Despite that, were The Hobbit films a good adaptation?

And now we get to the part where there will be more dissention. Deciding whether the films are good adaptations requires you to decide a few things about the original novel. If you have come to the conclusion that Tolkien’s novel is an untouchable classic, one of the high water marks of English literature—nay, of all literature anywhere—then the films must by definition fall short, because even the most charitable reviewer must acknowledge that the films are merely good films, not the high water mark of cinema.

But I’m not sure the book is all that and a bag of lembas bread. (I bet you didn’t know it came in bags.) Don’t get me wrong; I love the book. I have very fond memories of it, going back to my Grade Five year when our teacher guided us through the story chapter by chapter. I’ve read it several times since, and enjoyed each successive re-read.

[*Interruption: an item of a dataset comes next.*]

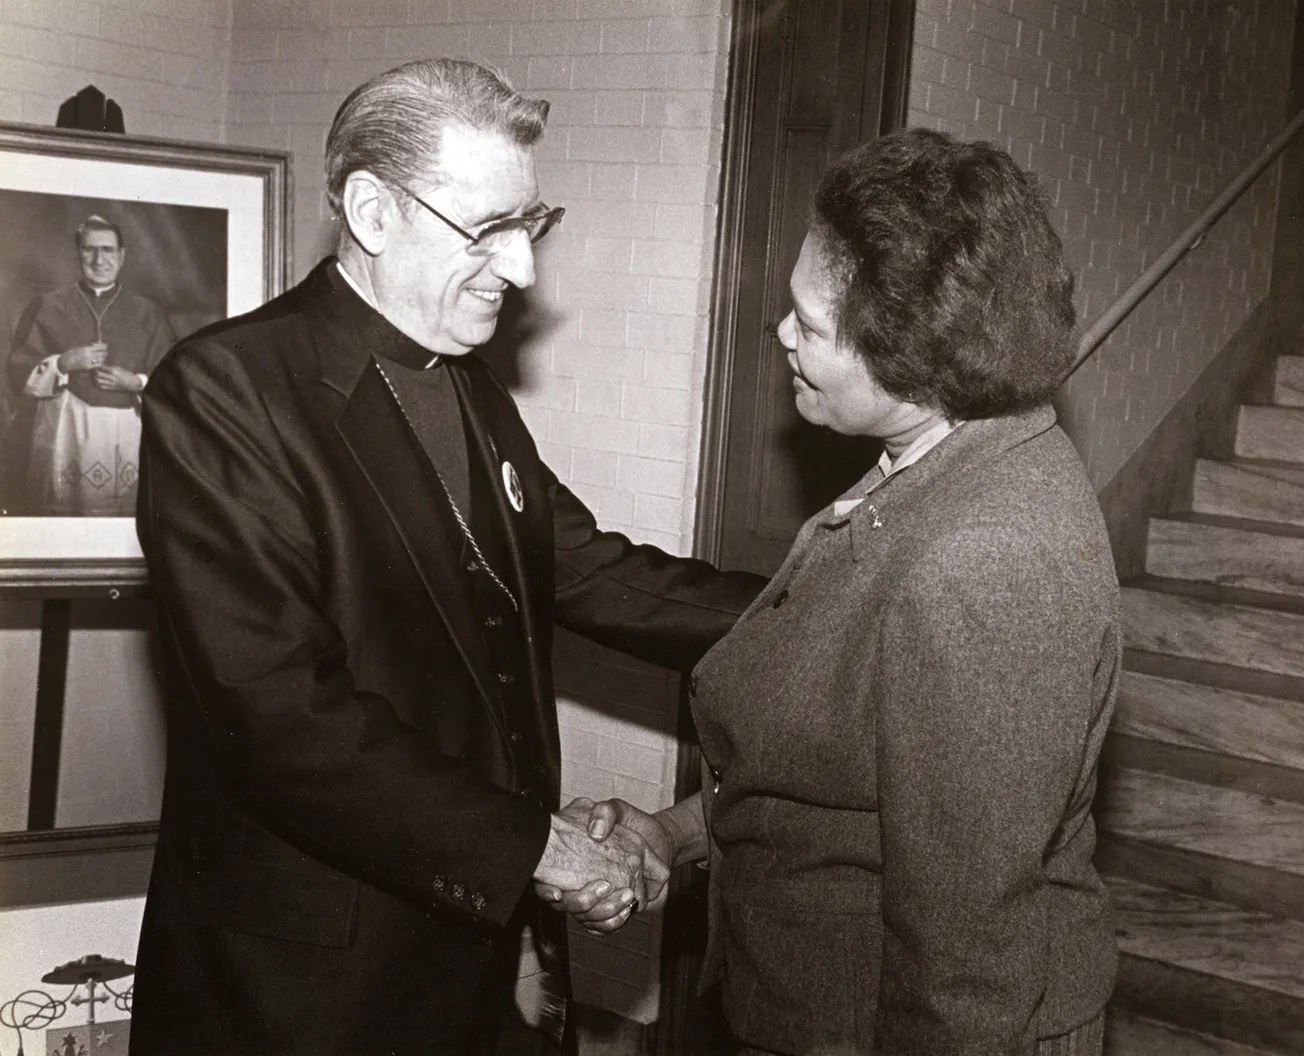 Remembering Dolores B. Grier, Black activist against abortion and pioneering diocesan official

The thing is, like many books written a long time ago, I’m not sure this book is good by current (modern) standards. Which is certainly not a problem for the book itself, because it must be judged according to its context, and The Hobbit is revolutionary in context with everything that was going on contemporaneous with its release.

But Tolkien makes some rather strange literary choices. Some might go so far as to unkindly call them shortcuts.

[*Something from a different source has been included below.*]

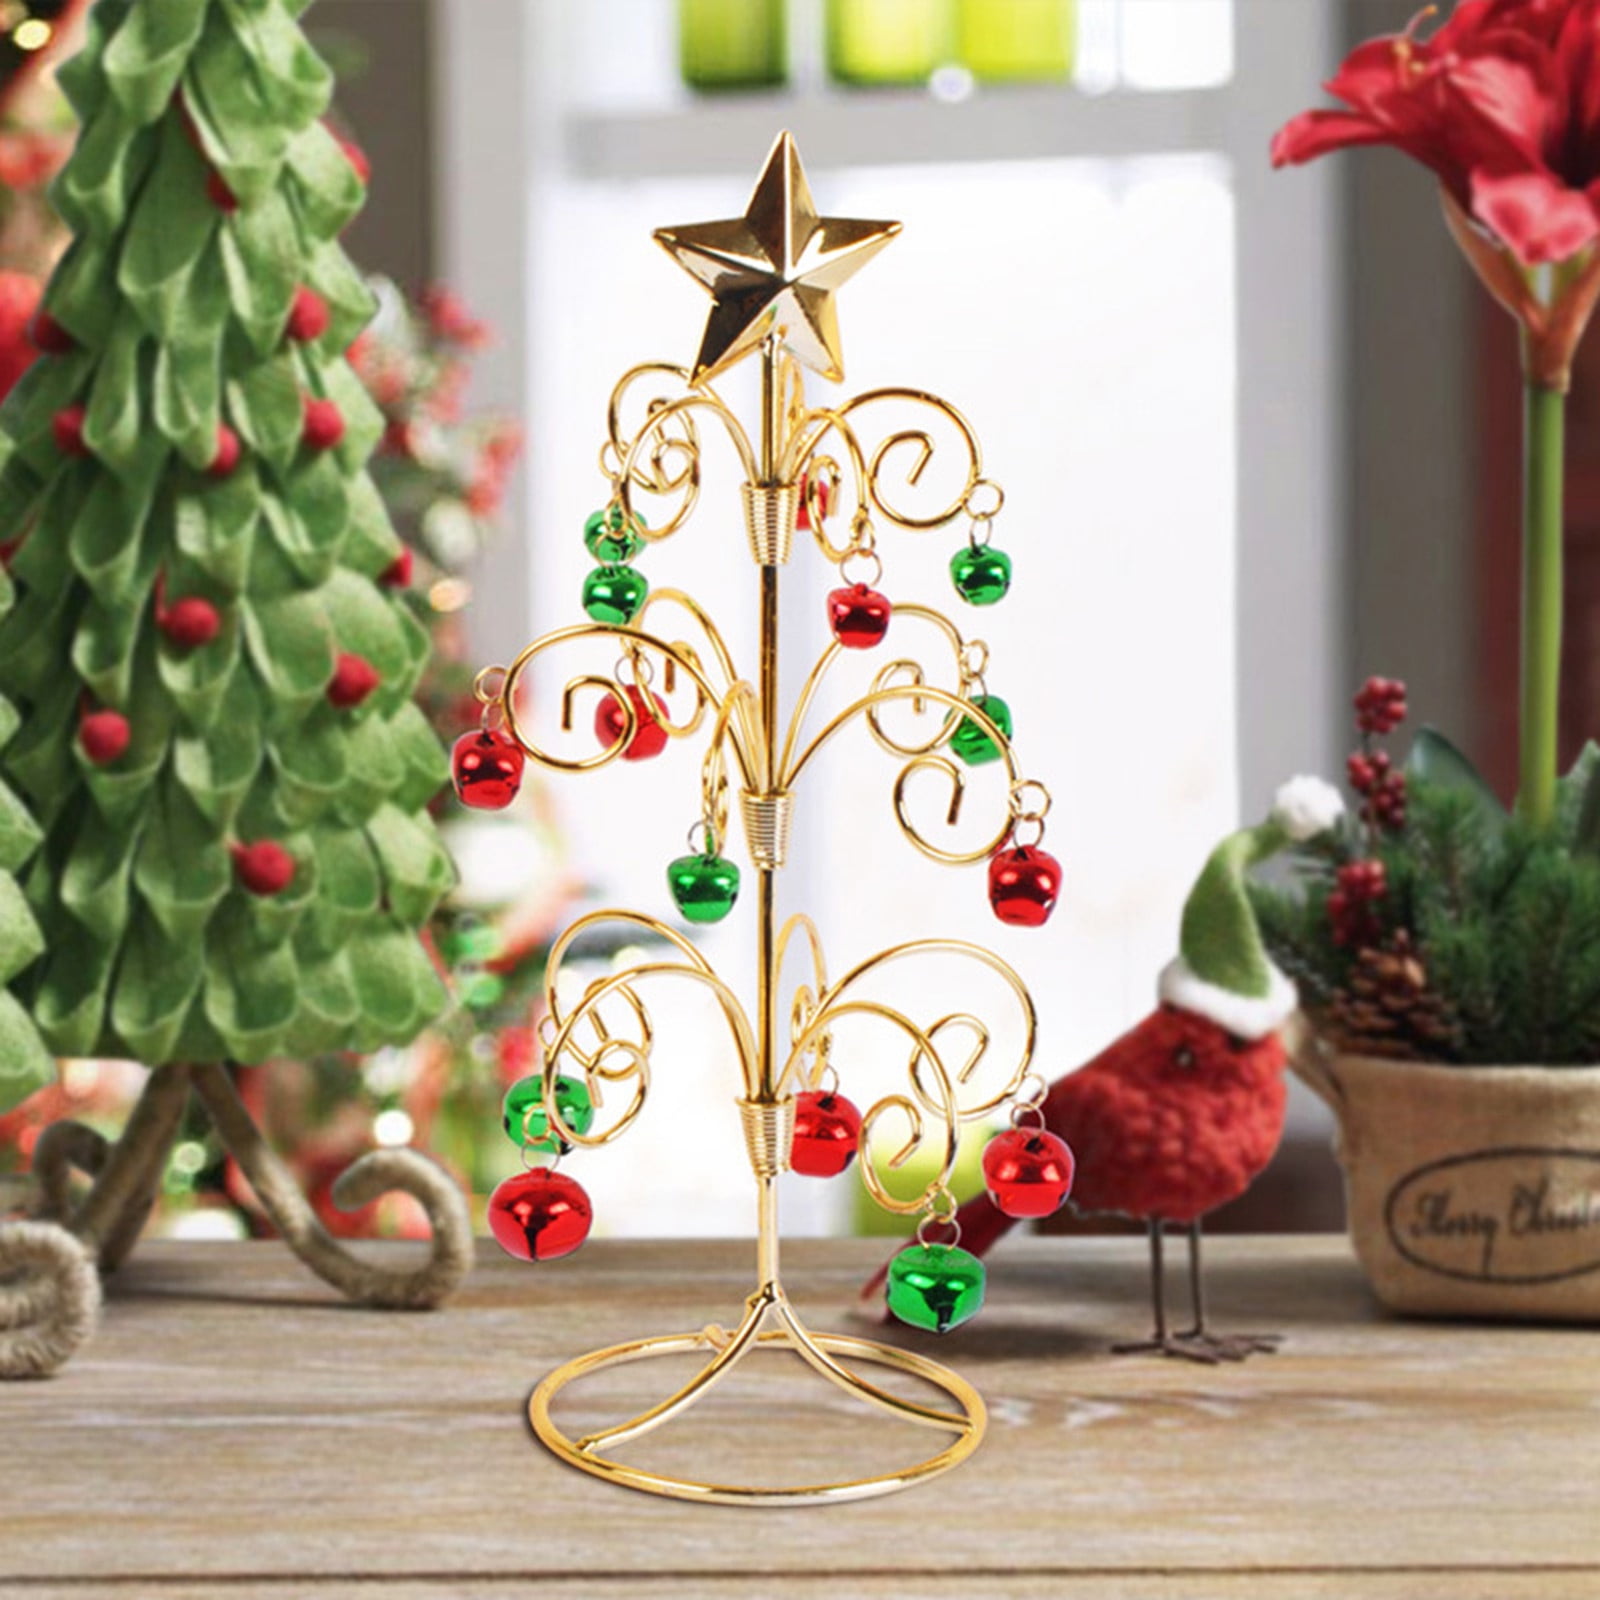 Discounted holiday decorations

Let’s cast an analytic eye to the book’s structure. Bilbo Baggins is the central figure, the eponymous character, the dominating point of view for most of the novel, to the point of eclipsing the other characters with him. You’ve got Gandalf (who disappears midway through and returns only for a cameo at the end), you’ve got Thorin Oakenshield, you’ve got Fili and Kili… and as for the rest of the company (there are 15 of them in total), they are hardly mentioned.

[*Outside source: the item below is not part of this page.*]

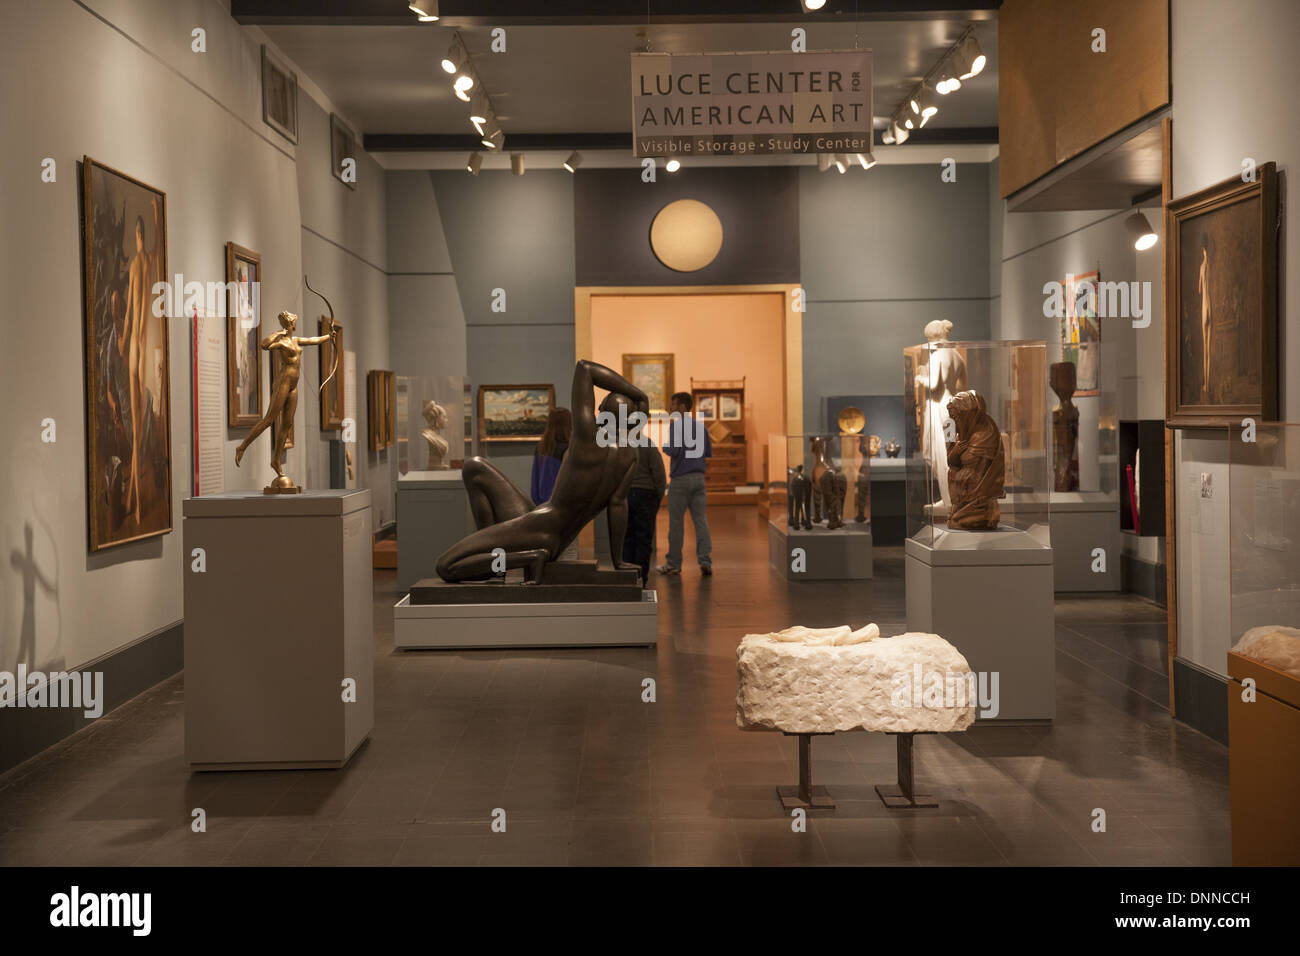 Luce Center for American Art, visible storage study center at the Brooklyn Museum, Brooklyn, NY. Stock Photo

Peter Jackson rightly points out in the supplementary materials that while this can work in literary terms, it’s impossible in filmic terms.

Not to sound too much the Jackson apologist, but he really had no choice but to flesh out the other dwarves as fully as he could, constrained by the fact that the dwarves really aren’t important; they don’t contribute much, and they don’t exert influence on the plot. They seem to have been inserted by Tolkien to serve as a bit of poetry, a literary grace note.

Tolkien was a minimalist. If a character didn’t significantly further the story, he all but erased them from the narrative. Gandalf is important, but the moment he’s not, he’s off to Mirkwood and out of sight; Thorin is a tragic figure, slouching toward his eventual demise (and redemption); and Fili and Kili are likewise destined for death. Sure, there’s Elrond and Gollum and Beorn and Smaug. They serve their purpose and exeunt stage left.

The movie can’t get away with this, so perhaps it overcorrects. Jackson gives us a bustling Hobbiton full of memorable characters. All thirteen dwarves are painted larger than life and given distinctive traits, running gags, and backstories. The small role of Radagast is writ large. Galadriel joins the fun in Rivendell, perhaps unnecessarily—and Saruman, too. The Goblin King wrests the spotlight from our heroes for an extended musical sequence (in fairness, this probably hews closely to Tolkien’s intent). We get a resplendent and scene-stealing Thranduil. Oh look, there’s Legolas! And now an all-new elven maiden named Tauriel who gets an awful lot of screen time. There’s Azog and Bolg, footnotes in the book but major villains fighting for relevance and attention on the big screen. Once we get to Lake-town, whose denizens barely register on the page, we get a host of named characters who demand motivations and personalities on their own. Did I mention Sauron, glaring at us all the while? At last, Dain rides over the hill in undercooked (overcooked?) computer-generated glory.

The oddest of Tolkien’s literary choices/shortcuts is the fact that the entire climactic battle, around which Jackson created a whole movie of its own, is played out in a few pages of exposition, told to Bilbo after he is knocked out in the opening frame. This is the best example of Tolkien getting away with something that no author today could get away with. Some would charitably call it a quirk.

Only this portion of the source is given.